Hans Richter's "key film of modernism" shows pure visual "art of movement": a "ballet" of black, white and few grey geometric surfaces "in a uniform rhythm running through the whole picture" inspired by the theory of musical counterpoint. Hans Richter (1888-1976) joined the Constructivists in 1922 and is one of the most important representatives of early abstract film in Germany.

5. Ludwig Hirschfeld-Mack: Farbenlichtspiele, Deutschland, 1923, 15:54min

“Farbenlichtspiele" by German painter and “color-light musician” Ludwig Hirschfeld-Mack (1893-1965) is not a film in the conventional sense. By means of a mechanically operated light show box, abstract shapes in bright colours were projected live onto a screen for the audience. The box was equipped with six spotlights with exchangeable colour filters, switches to control the light intensity and stencils in geometric patterns. Three operators were needed, one to coordinate the music, another to project the light and the third to move the stencils.

6. Viking Eggeling: Symphonie Diagonale, Deutschland, 1924, 7min

“Symphonie diagonale” is the French title of the silent German experimental film Diagonal Symphony, completed by Swedish-born painter and filmmaker Viking Eggeling (1880-1925) in Berlin in 1924. At the beginning, you see a tilting figure, consisting mostly of right angles, gradually growing larger. Then short straight lines and curves are added, sprouting from the existing design. The figure disappears and the process begins again with a new pattern. Each cycle lasts about a second or two. All the figures are drawn in an uncertain art deco style and are reminiscent of all sorts of things: they could be an ear, a harp, panpipes, a grand piano with trombones, etc., only highly abstracted. The mood is playful and has something hypnotic. With his film “Symphonie diagonal”, Eggeling had a lasting influence on the art world of the 1920s—and especially on the Constructivist László Moholy-Nagy.

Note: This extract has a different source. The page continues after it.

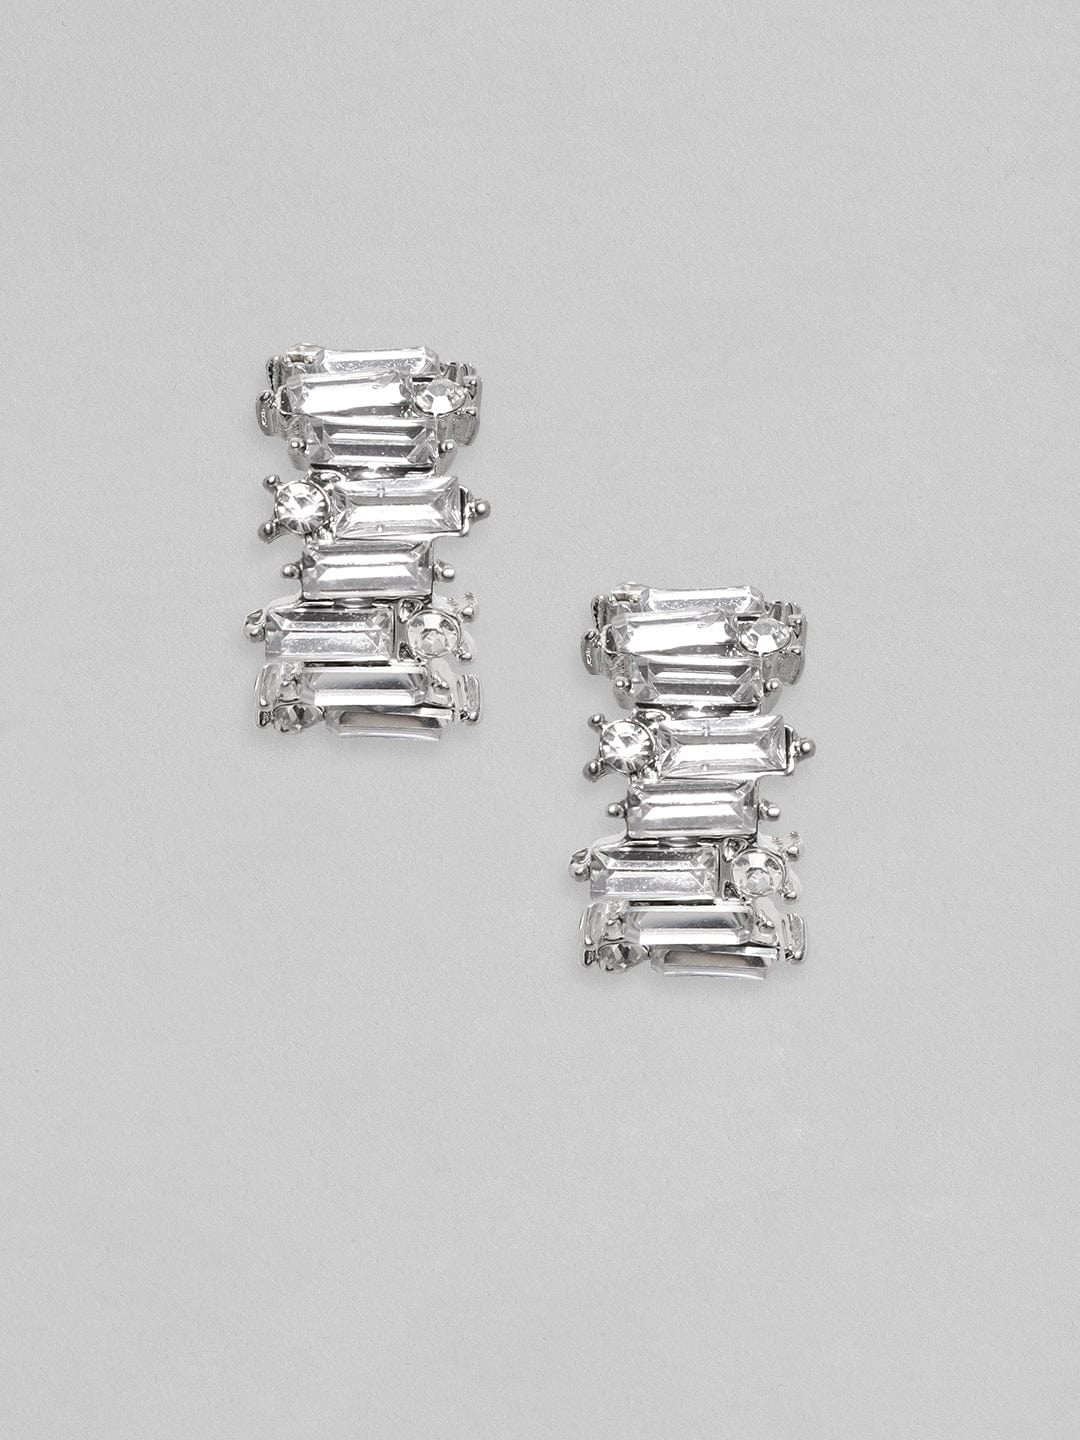 Rubans Silver Toned Baguette White Zircon Studded Dainty Hoop Earrings Earrings
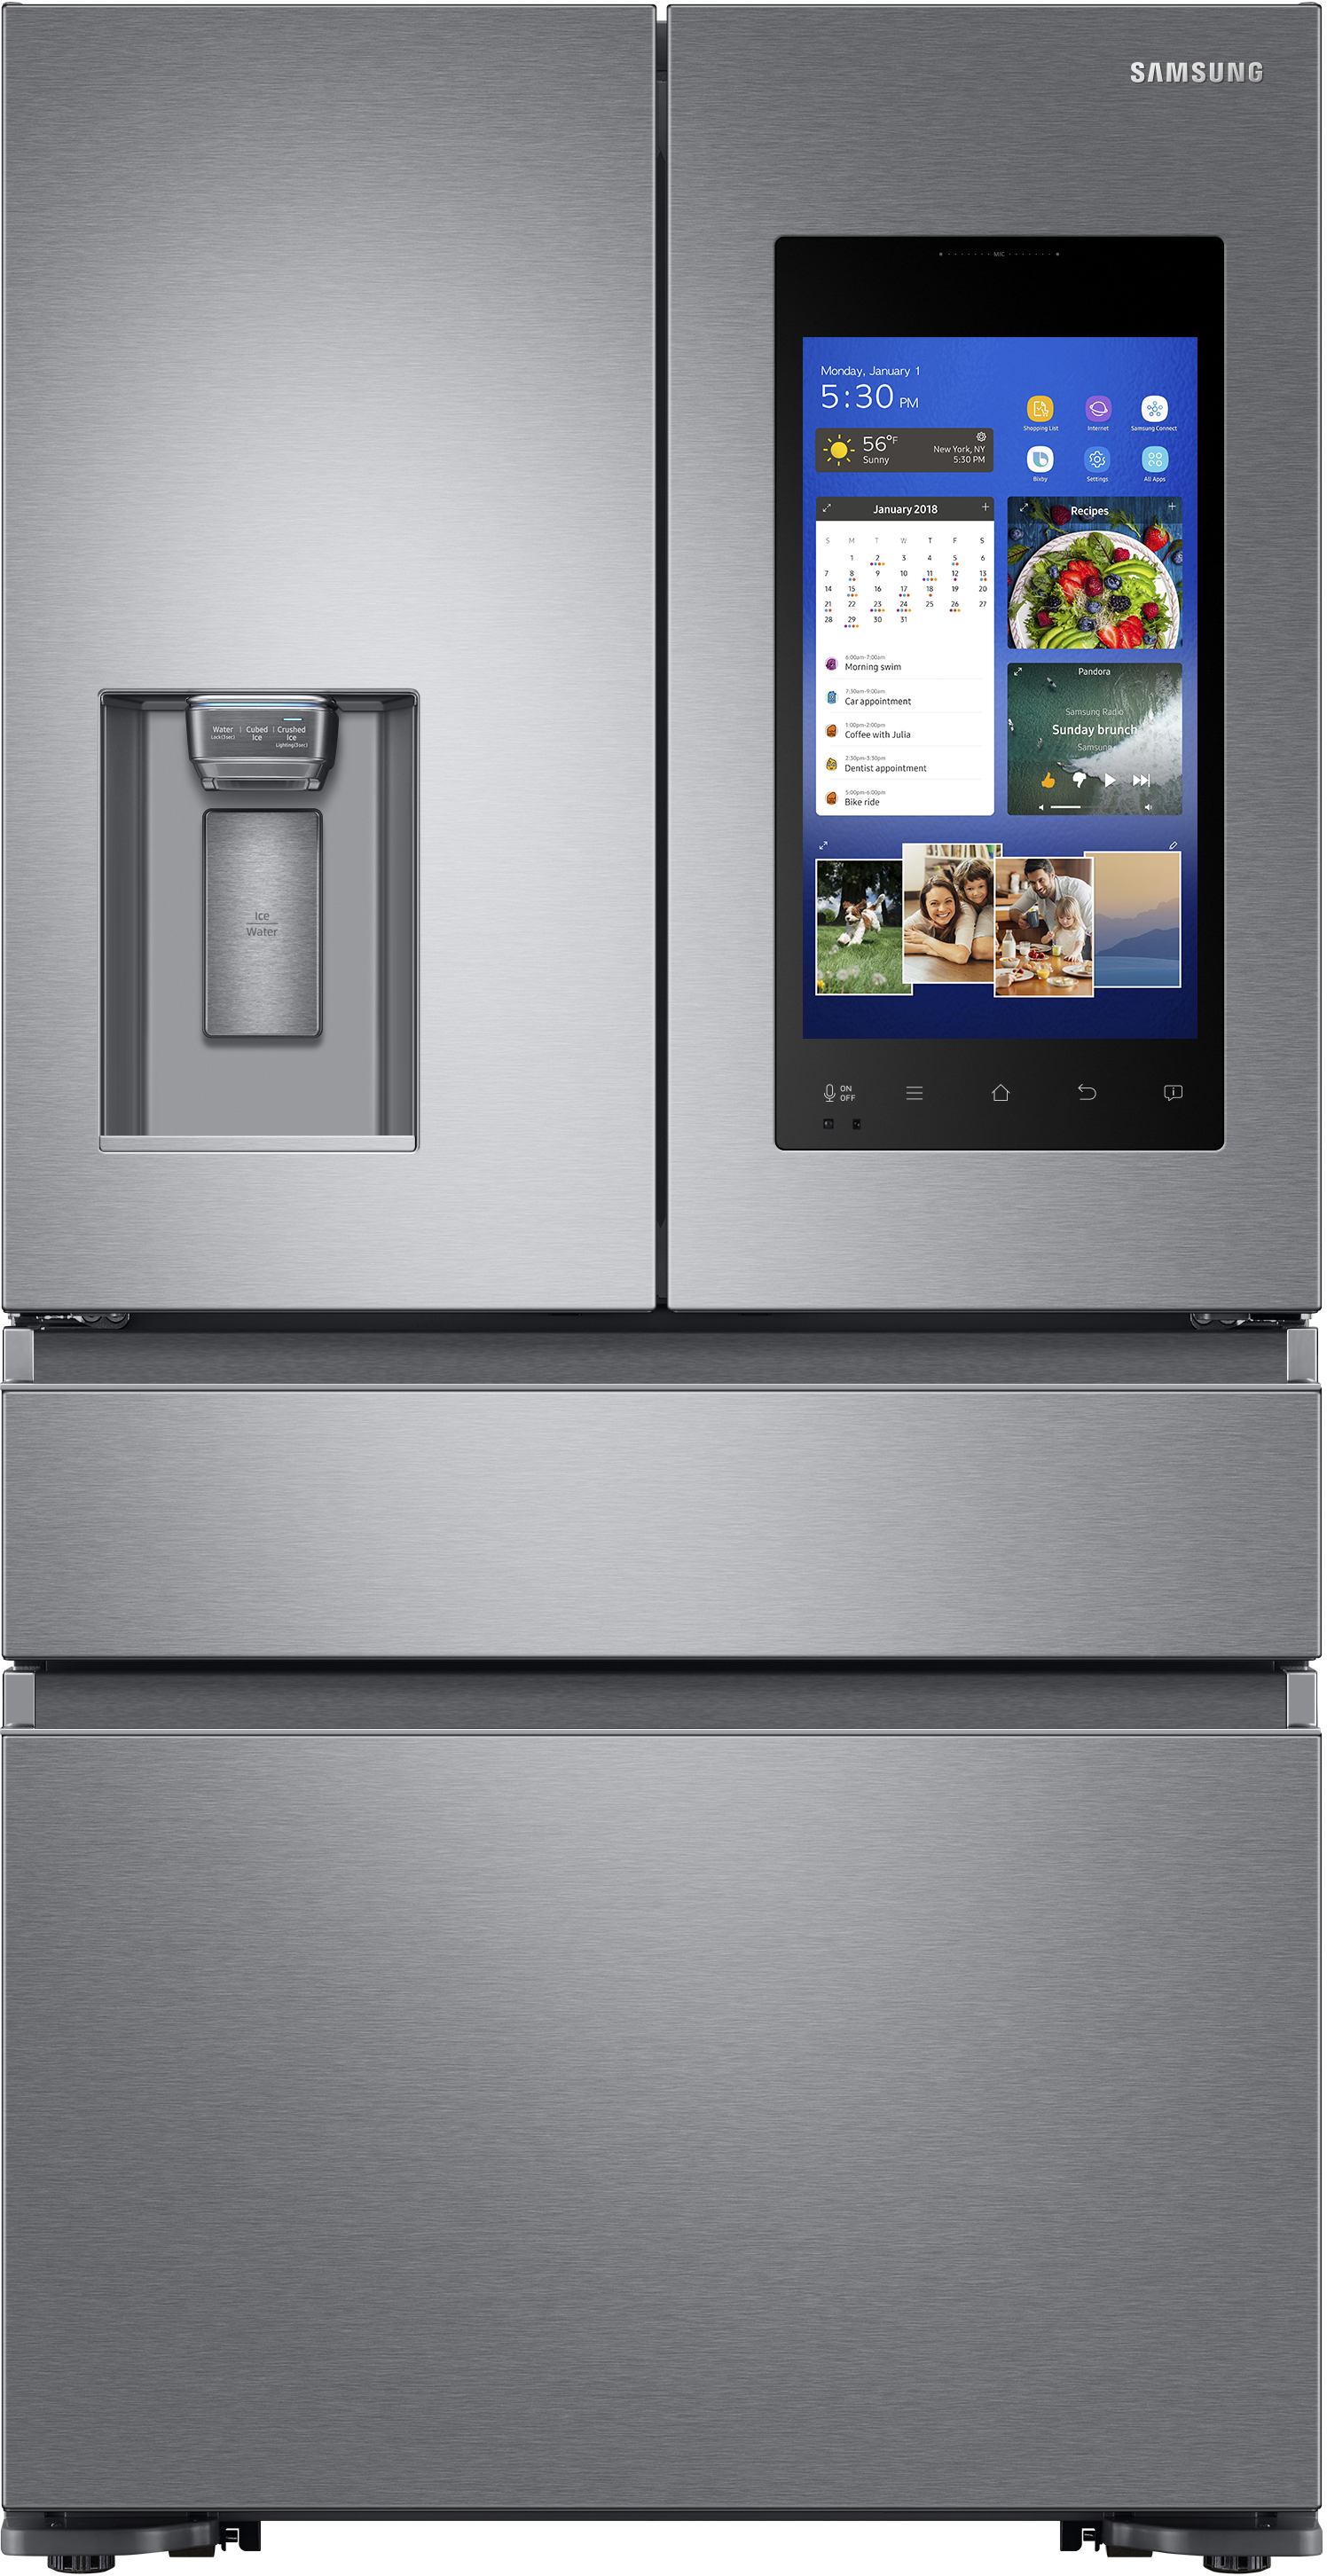 Samsung RF23M8570SR/AA 22.2 Cu. Ft. 4-Door French Door Refrigerator

7. Fernand Léger: Ballet Mécanique, Frankreich, 1924, 16min

"Ballet Mécanique" by Fernand Léger (1881-1955) develops its logic from the communication between the natural and the artificial, between man and machine. Automated motors, repeating circles and triangles as well as lifeless prosthetic legs begin to dance. The film is also innovative in terms of the medium's self-reflection, for example when Léger and filmmaker Dudley Murphy can be spotted with their camera as a reflection in a sphere: distracted from what has happened, the illusion is revealed. All this distinguishes "Ballet Mécanique" as an important and influential work of the European avant-garde of the 1920s.